Would you retype the whole listing verbatim, keeping pictures out of it?

§ Information supplied:
########################################
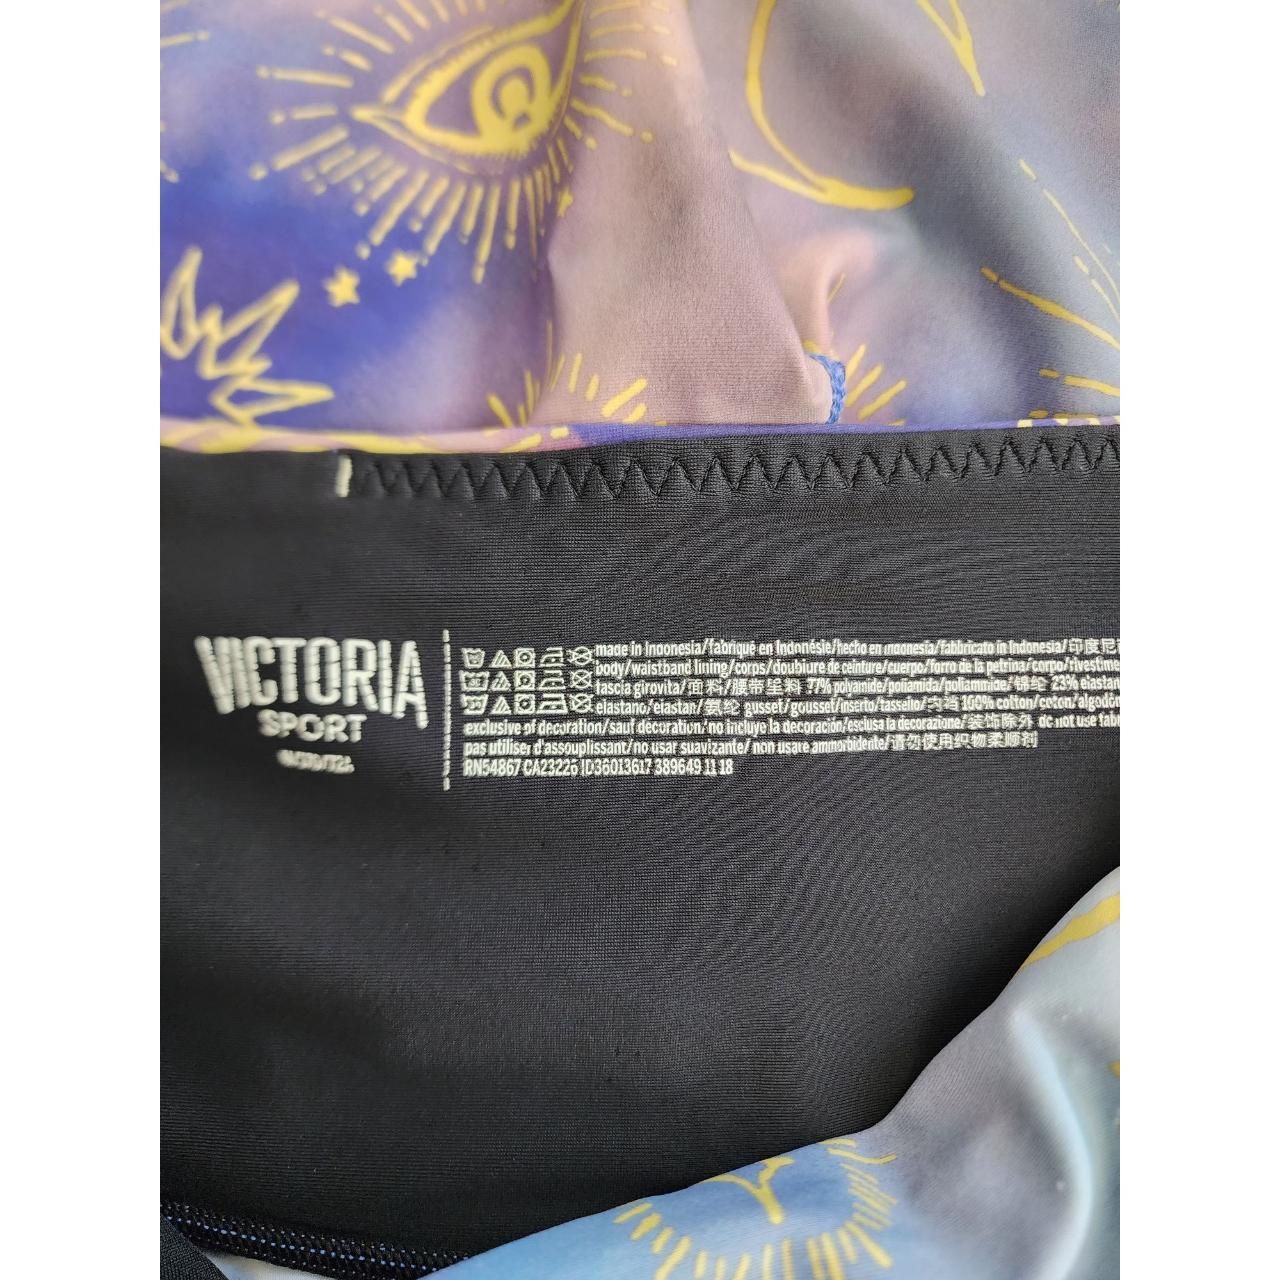 Victoria Sport Victoria's Secret Mystical Shine - Depop
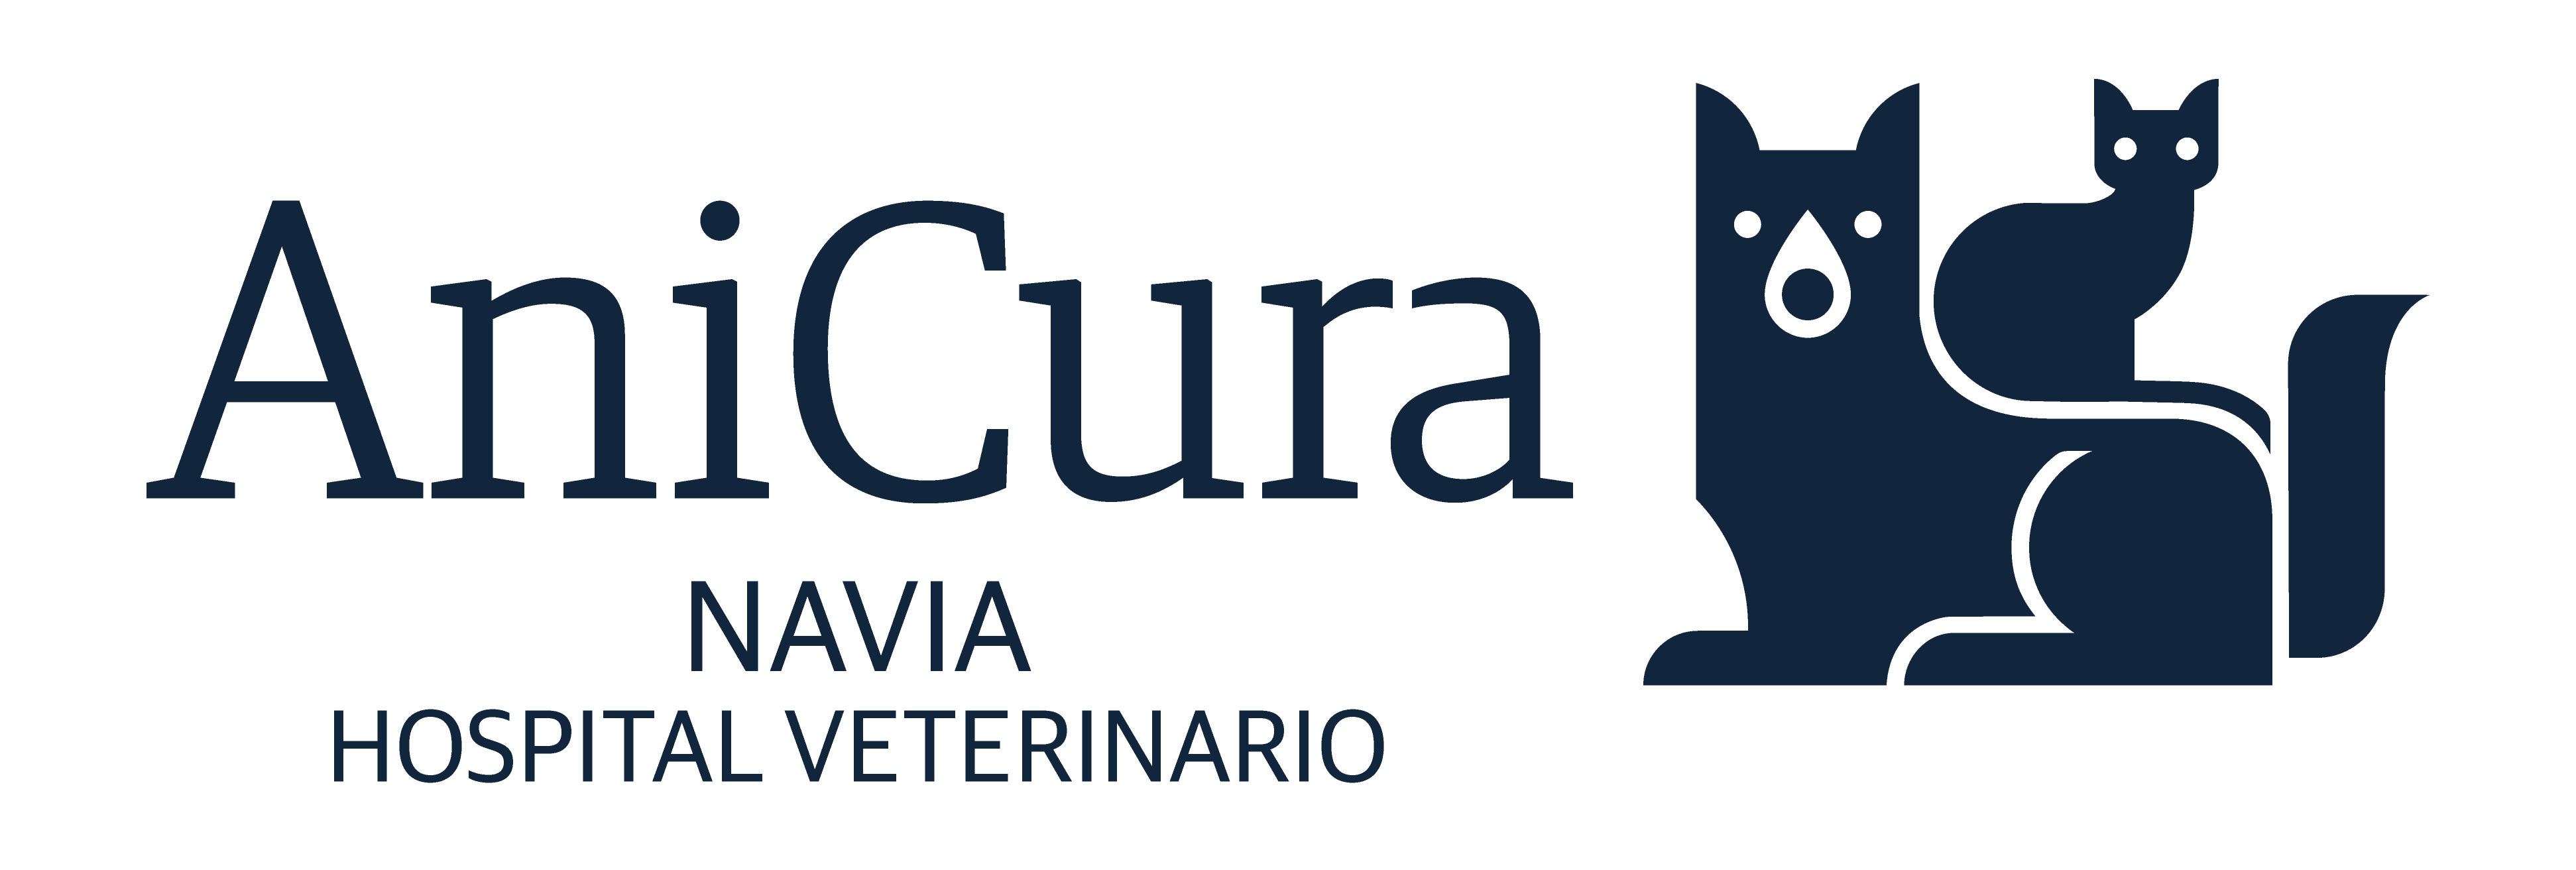 AniCura Navia Hospital Veterinario logo
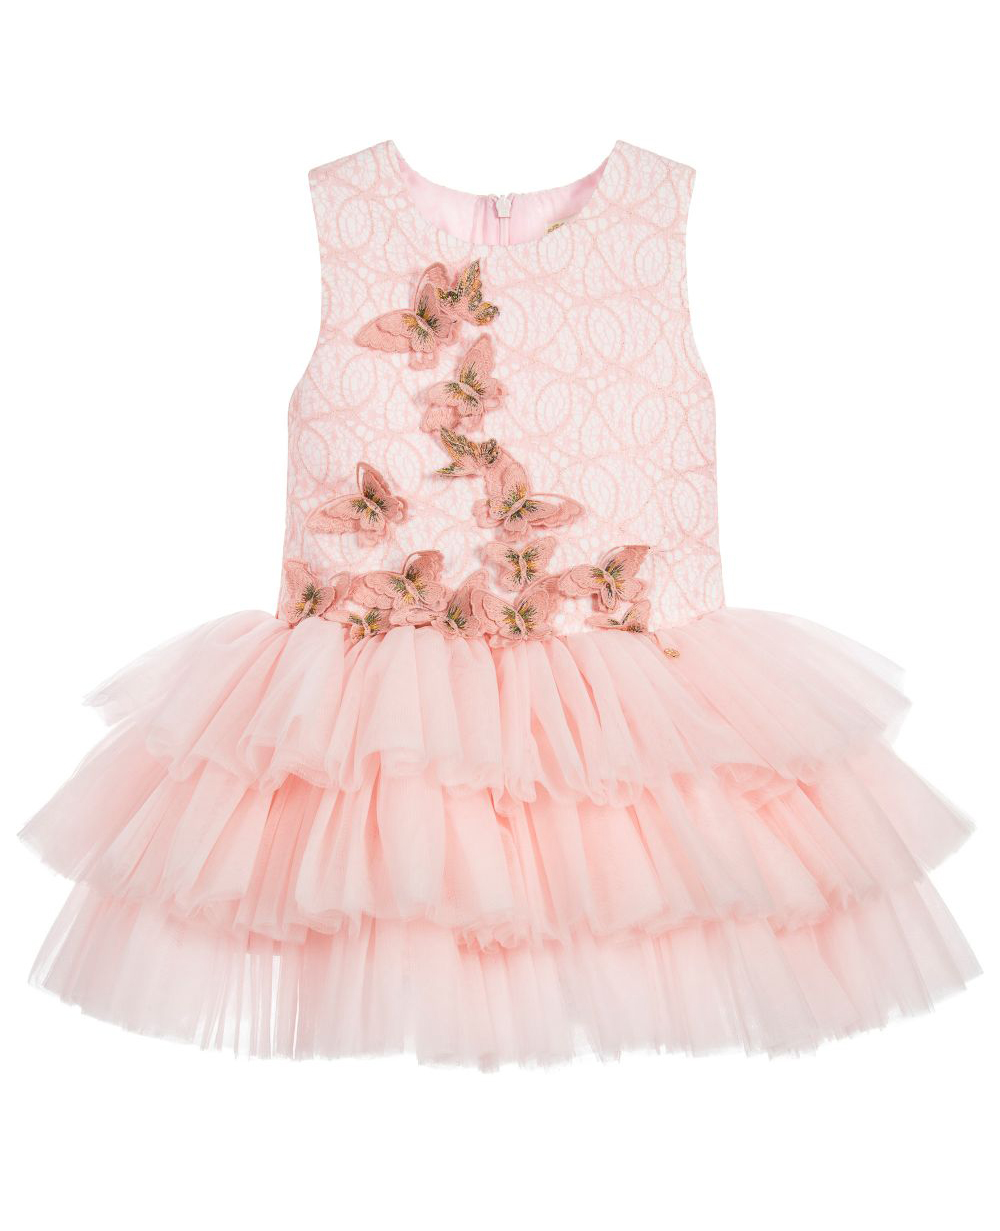 Pink Sleeveless Wedding Gown Formal Dress
########################################
§ Problem solution:
 Victoria Sport Victoria's Secret Mystical Shine - Depop
 AniCura Navia Hospital Veterinario logo
 Pink Sleeveless Wedding Gown Formal Dress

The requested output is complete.